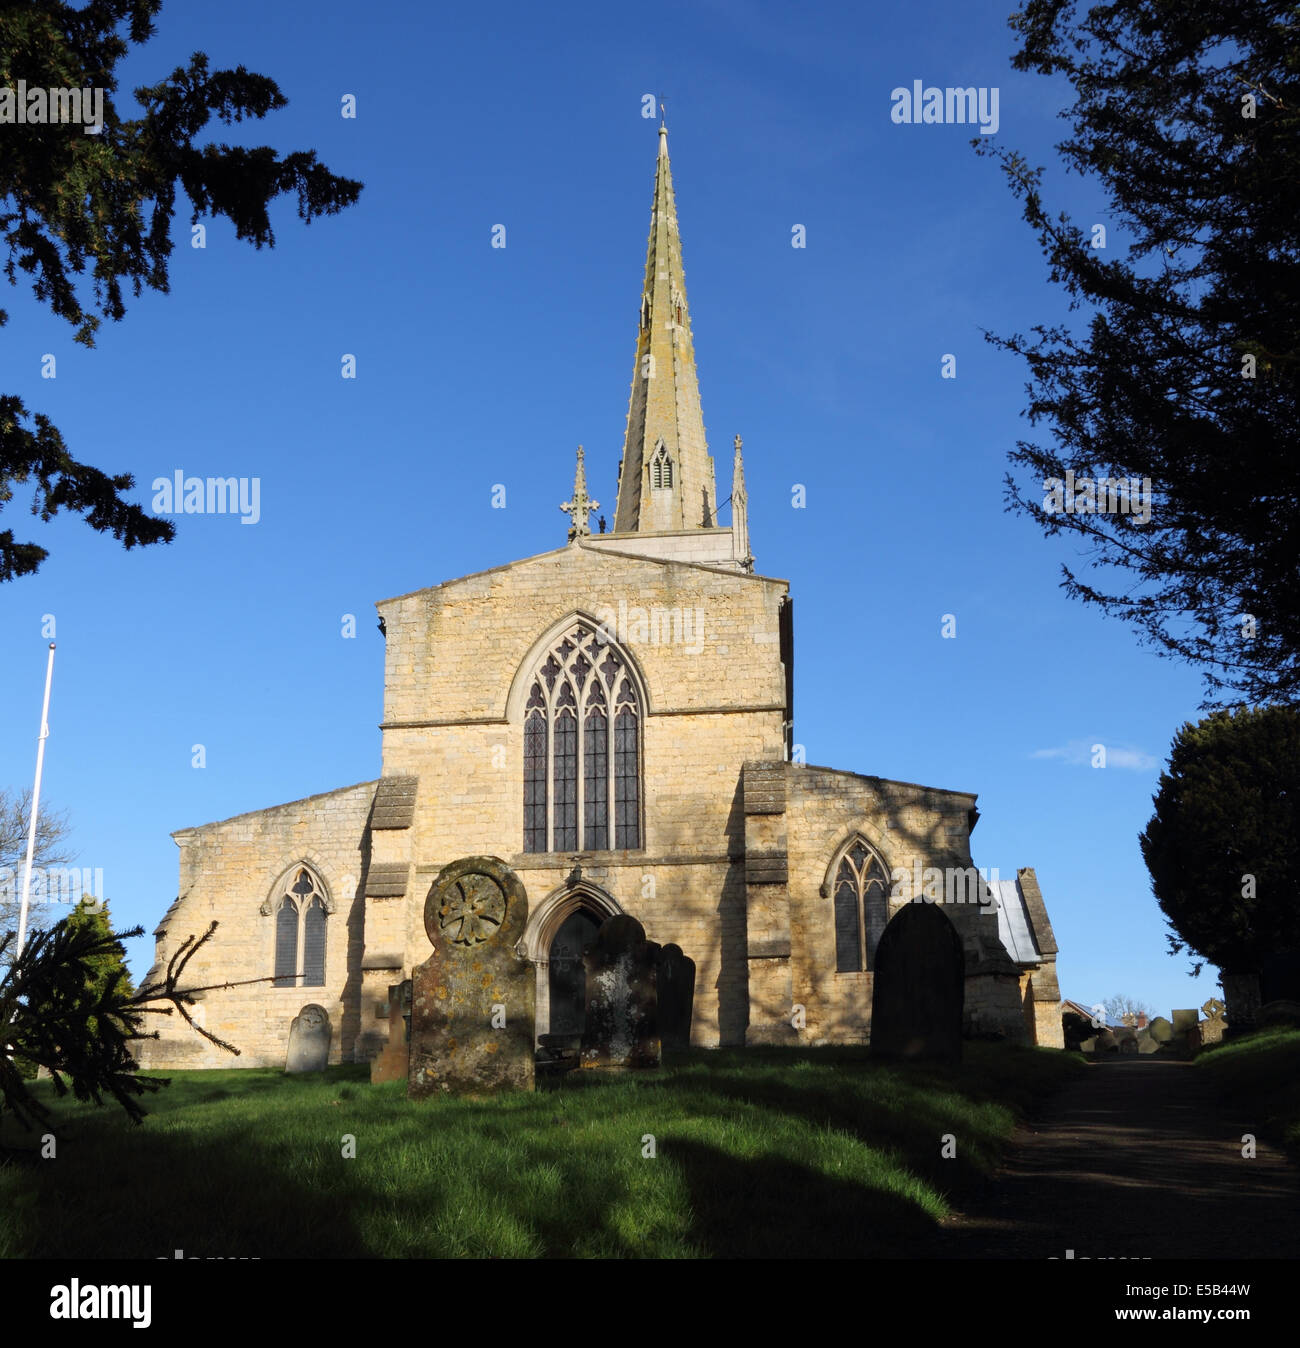 L'église St Mary Magdalene, Waltham sur les plateaux, Melton Mowbray, Leicestershire, Angleterre Banque D'Images
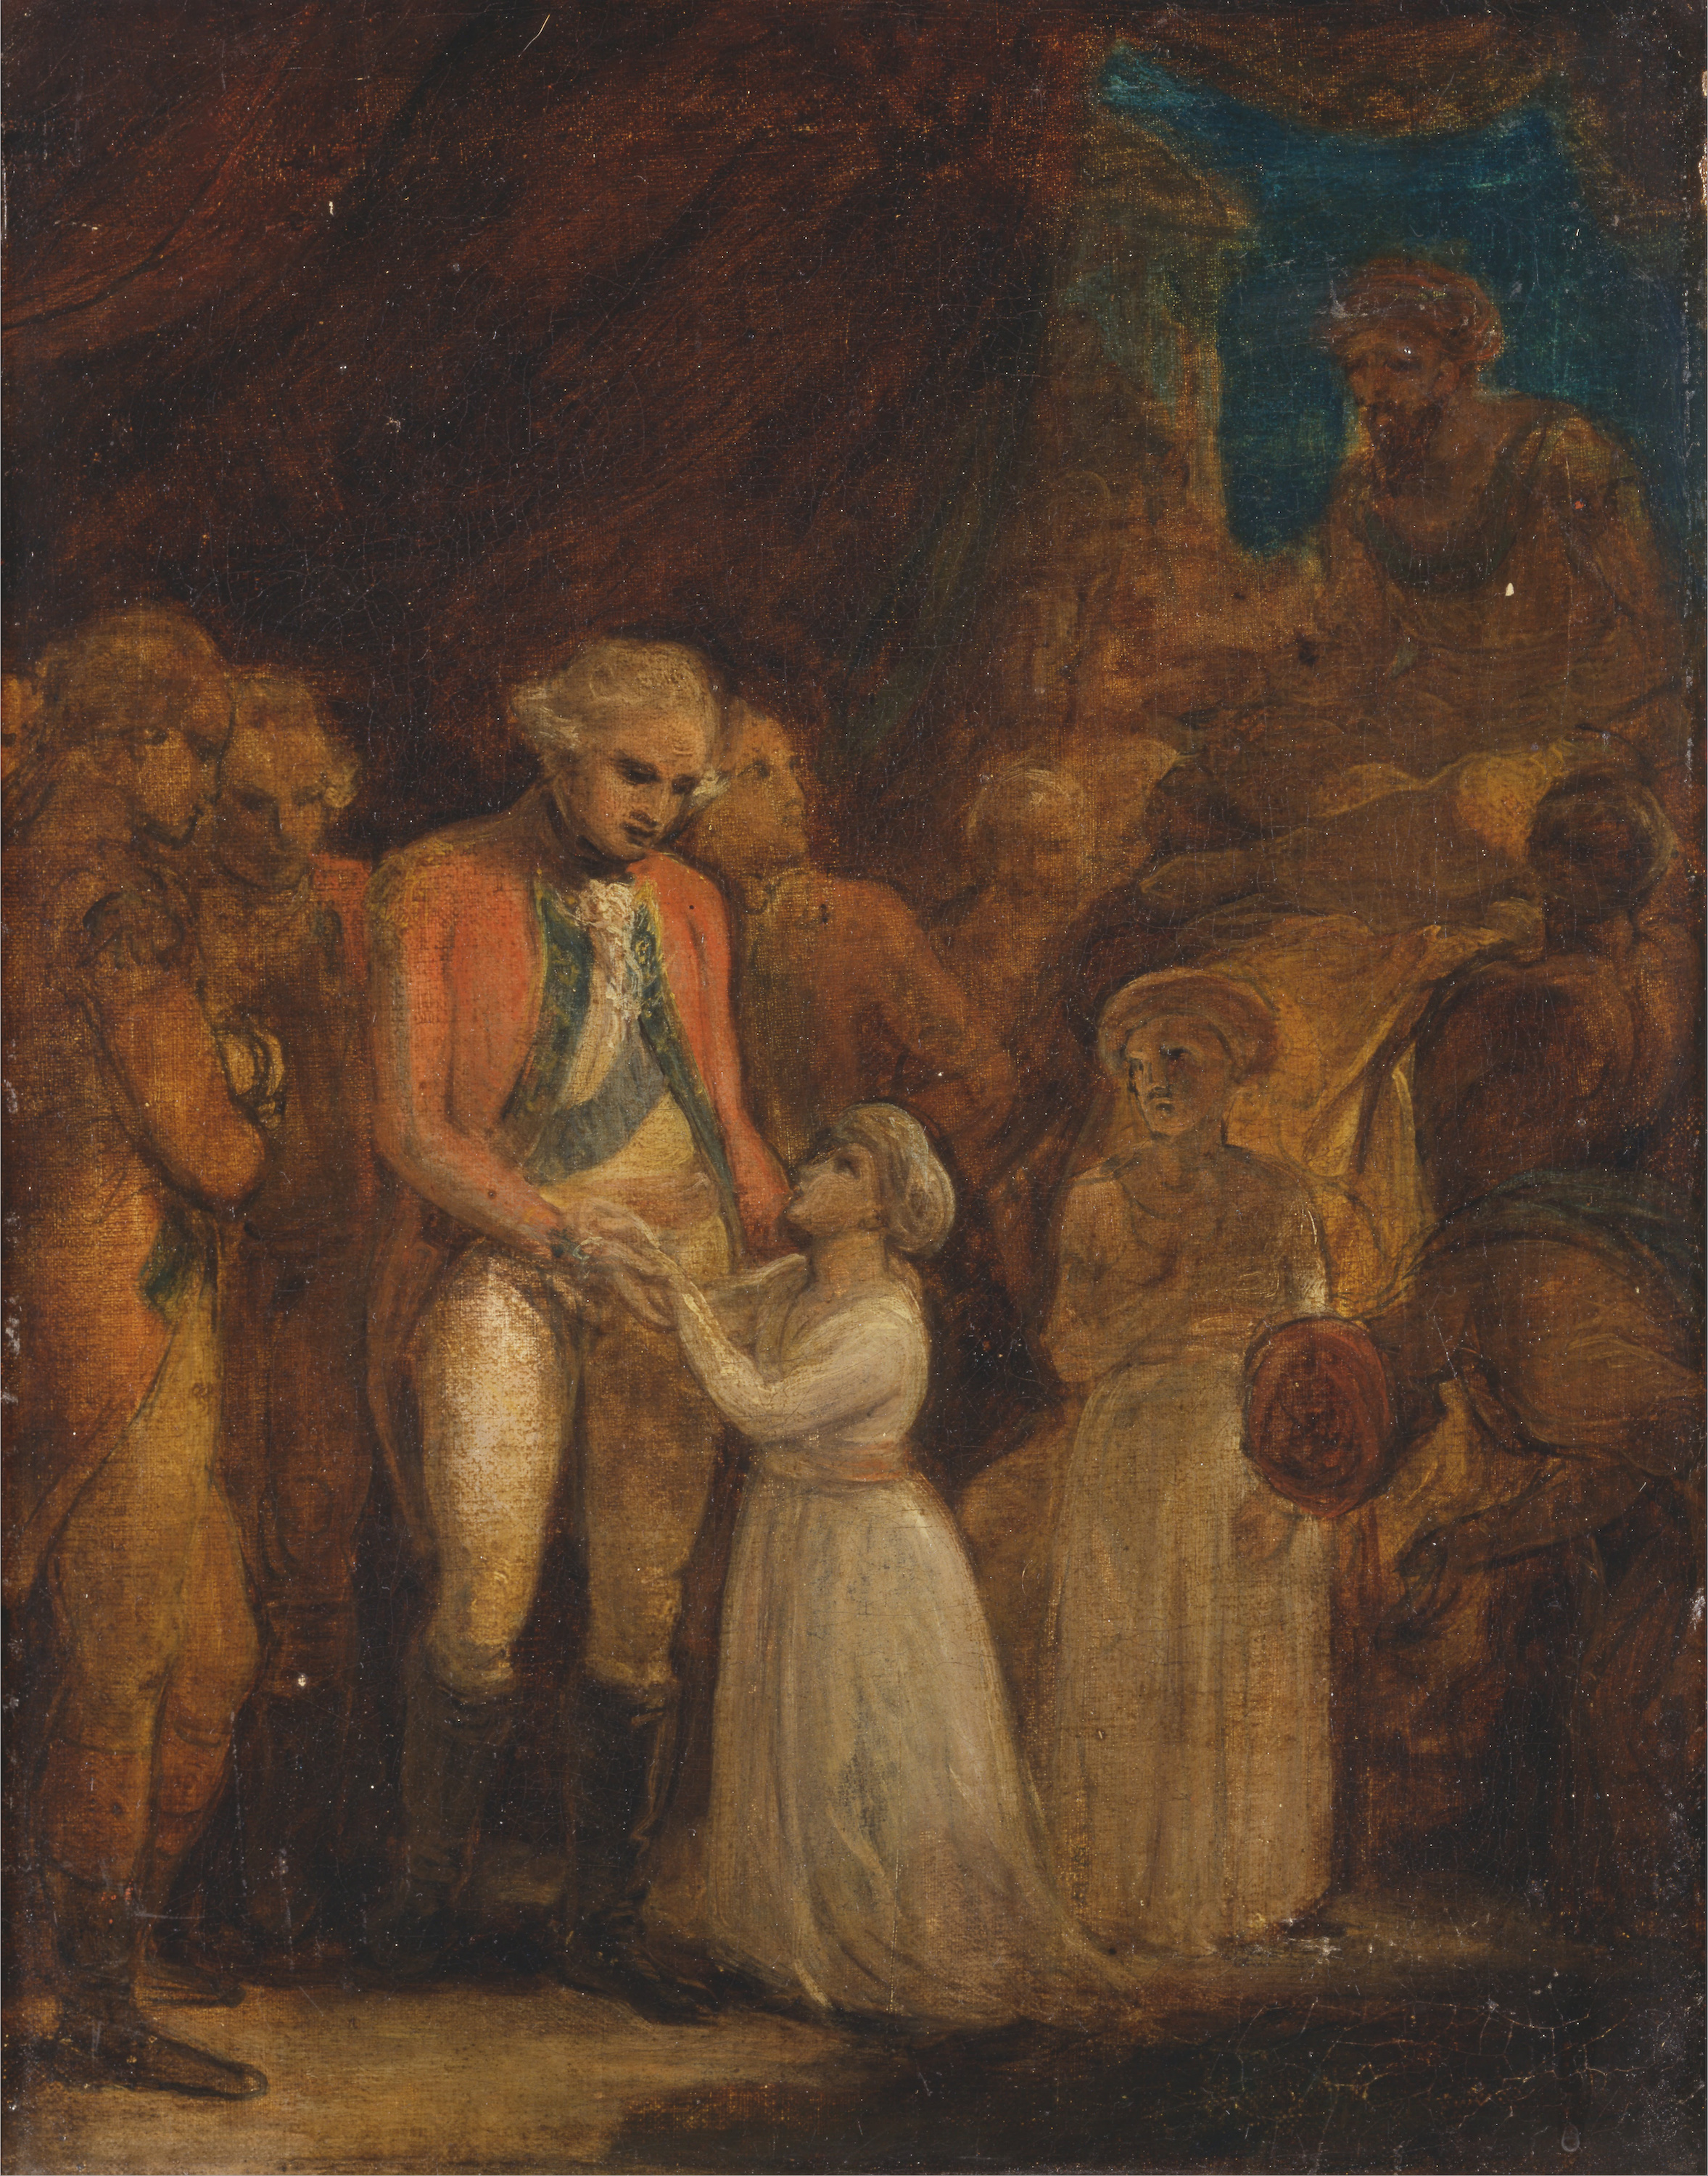 Os Dois Filhos de Tipu Sahib, Sultão de Maiçor, Sendo Entregados como Reféns ao General Cornwallis by Robert Smirke - 1792 - 451 x 356 cm 
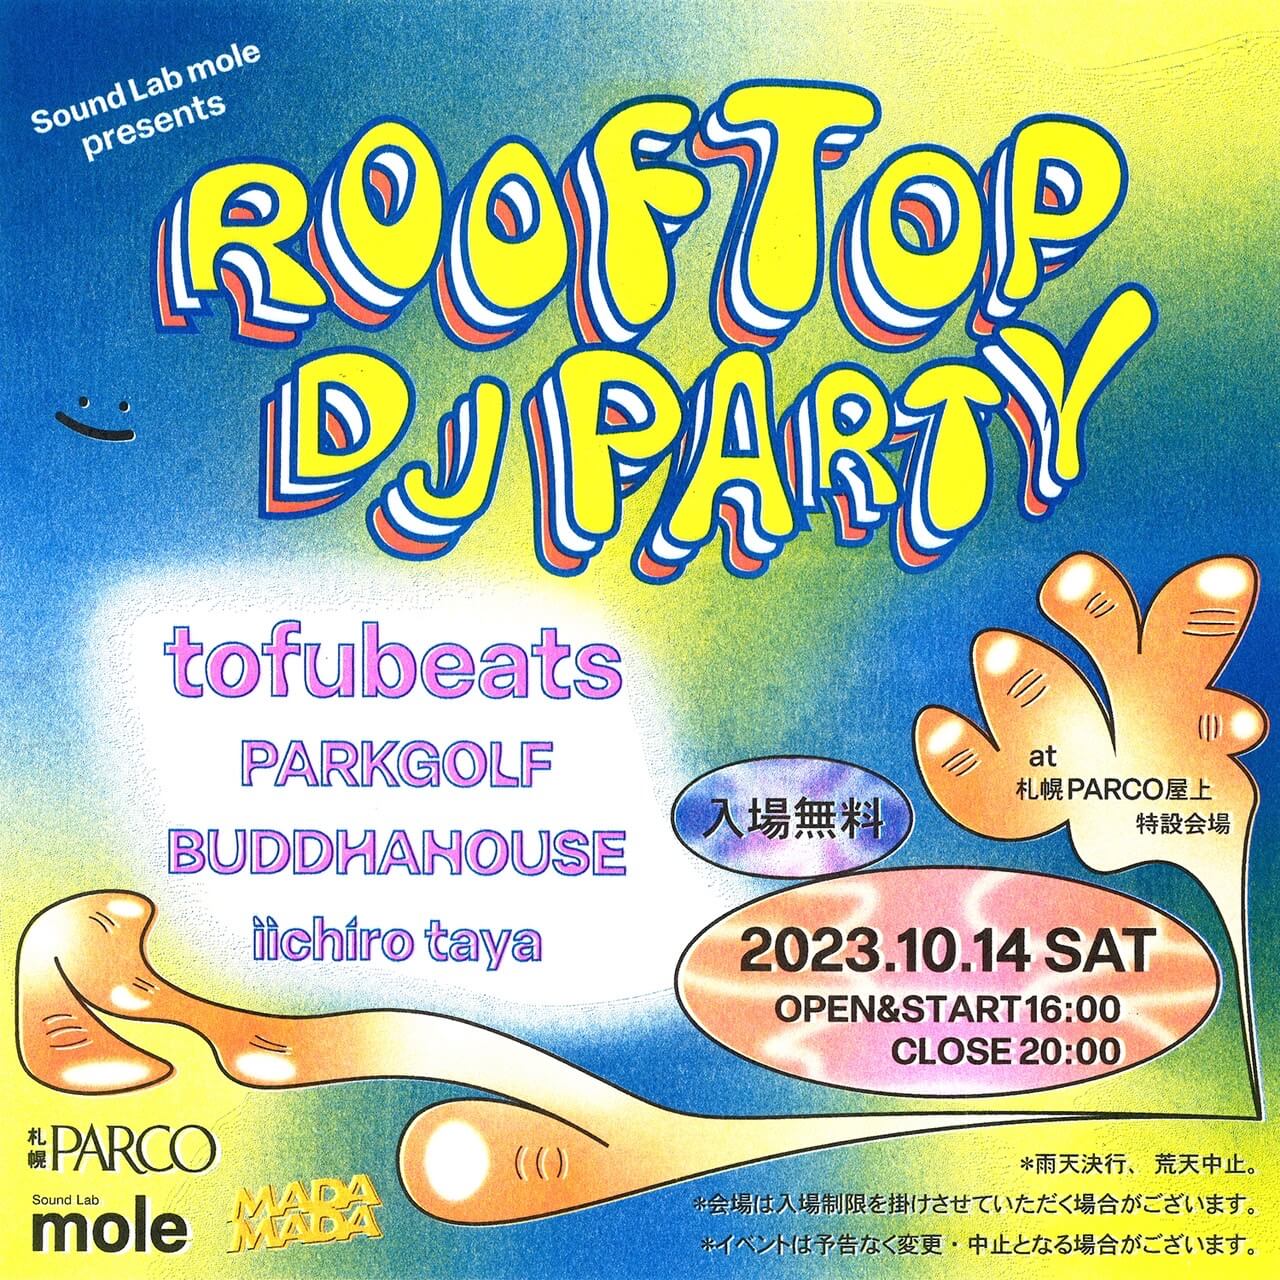 『MADAMADA』-Sound Lab mole presents ROOFTOP DJ PARTY

TASK OBJECTIVE: Write every line above out again exactly; pictures do not belong in the copy.

RESPONSE FOR THIS EXERCISE:
 L'église St Mary Magdalene, Waltham sur les plateaux, Melton Mowbray, Leicestershire, Angleterre Banque D'Images
 Os Dois Filhos de Tipu Sahib, Sultão de Maiçor, Sendo Entregados como Reféns ao General Cornwallis by Robert Smirke - 1792 - 451 x 356 cm 
 『MADAMADA』-Sound Lab mole presents ROOFTOP DJ PARTY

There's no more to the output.